# The Strange Magic of: Fleetwood Mac



## Strange Magic (Sep 14, 2015)

I am long enough in the tooth to recall the original "Peter Green's Fleetwood Mac", at one point blessed with three lead guitarists: Peter Green, Danny Kirwan, and Jeremy Spencer, in addition to the extraordinarily durable duo of Fleetwood and Mac. Songs to remember, like "The Green Manalishi, with the Two Prong Crown". Then came the transformation into the Buckingham-Nicks FM, and an ocean of great pop, one marvelous song after another, and the endless saga of who was in or out, in so many ways, with whom. The group then slowly disintegrated like wet tissue paper. And then, years later, a miracle! The glory was restored and the group reformed to produce a wondrous live album, The Dance, revisiting the old greats and revealing some new material, some of which appeared later also in the fine Say You Will album. But here, from The Dance, is a definitive live version of _Go Your Own Way_, one of my very, very favorite songs.


----------



## Art Rock (Nov 28, 2009)

I prefer the original, especially songs like Oh well, Need your love so bad, and Albatross.

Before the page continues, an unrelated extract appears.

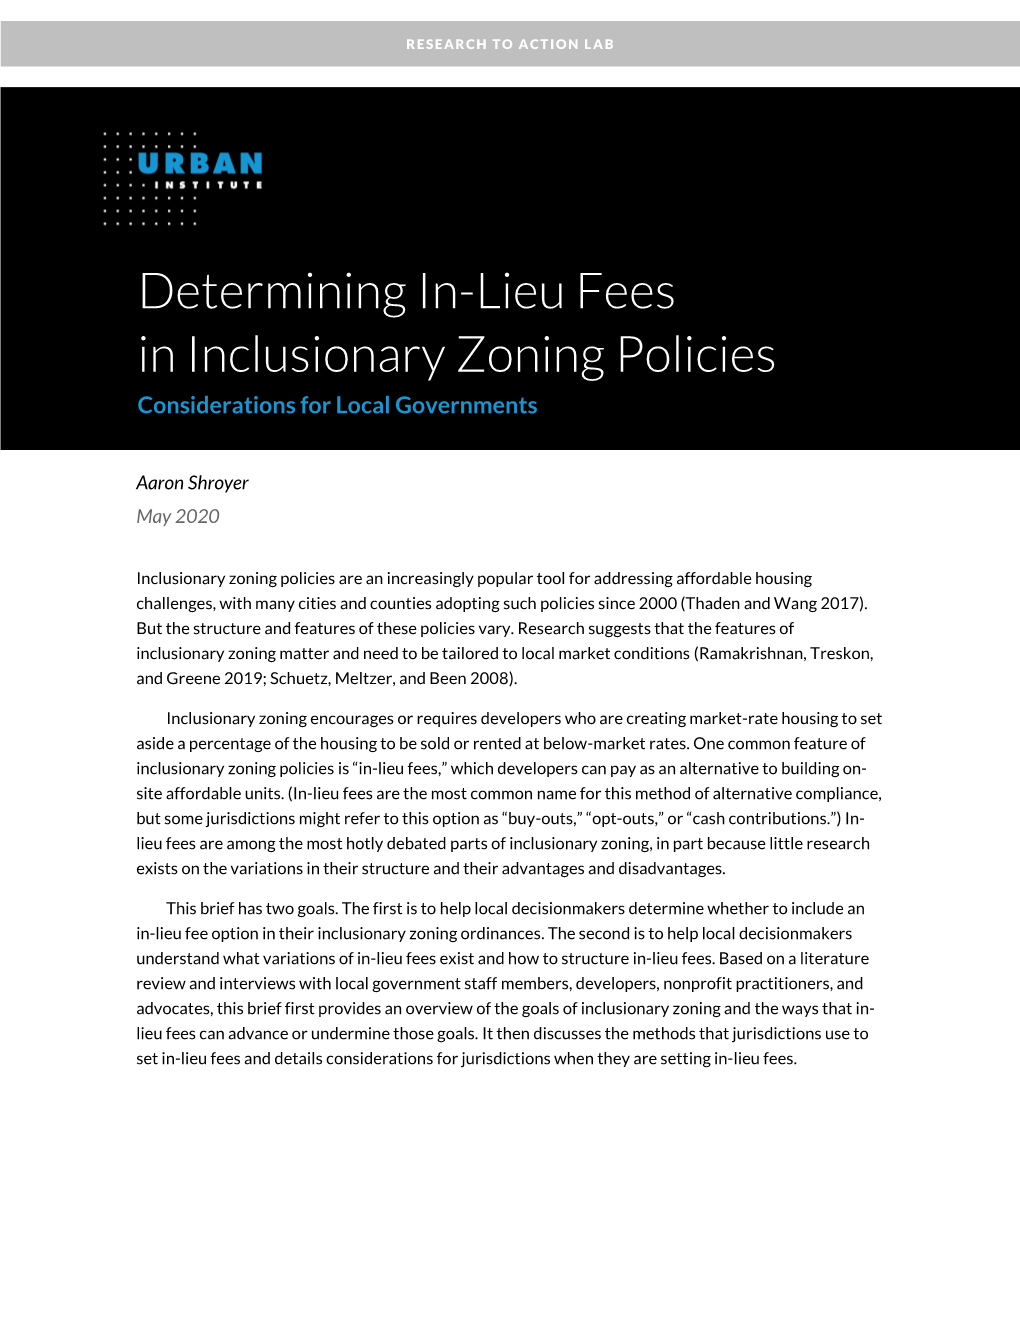 Determining In-Lieu Fees in Inclusionary Zoning Policies Considerations for Local Governments

That said, the later line-up also had great songs like Rhiannon and Sara.


----------



## starthrower (Dec 11, 2010)

I like the 1970 album, Then Play On. I don't listen to the Bob Welch era Mac, or the Stevie Nicks stuff. But I do have a lot of respect for Lindsey Buckingham. He is a master pop musician. Great singer/guitarist/songwriter. And I like Christine McVee too. She goes way back to the blues years with the band Chicken Shack.


----------



## Strange Magic (Sep 14, 2015)

Christine McVie, who was born and still remains "Perfect" in my view, was such an essential part of the FM Golden Era, with her smokey voice and excellent songs. I too lost interest entirely during the Welch interlude. In certain aspects, Fleetwood Mac's long and convoluted history mirrors that of the Jefferson Airplane/Starship ever-changing ensemble. In observing Lindsey Buckingham's guitar technique, I note its similarity to that of Billy Corgan of Smashing Pumpkins, though I am no student of the instrument.


----------



## Guest (Aug 18, 2016)

I've heard the later incarnations a lot (not through choice!) but it isn't my cup of Earl Grey.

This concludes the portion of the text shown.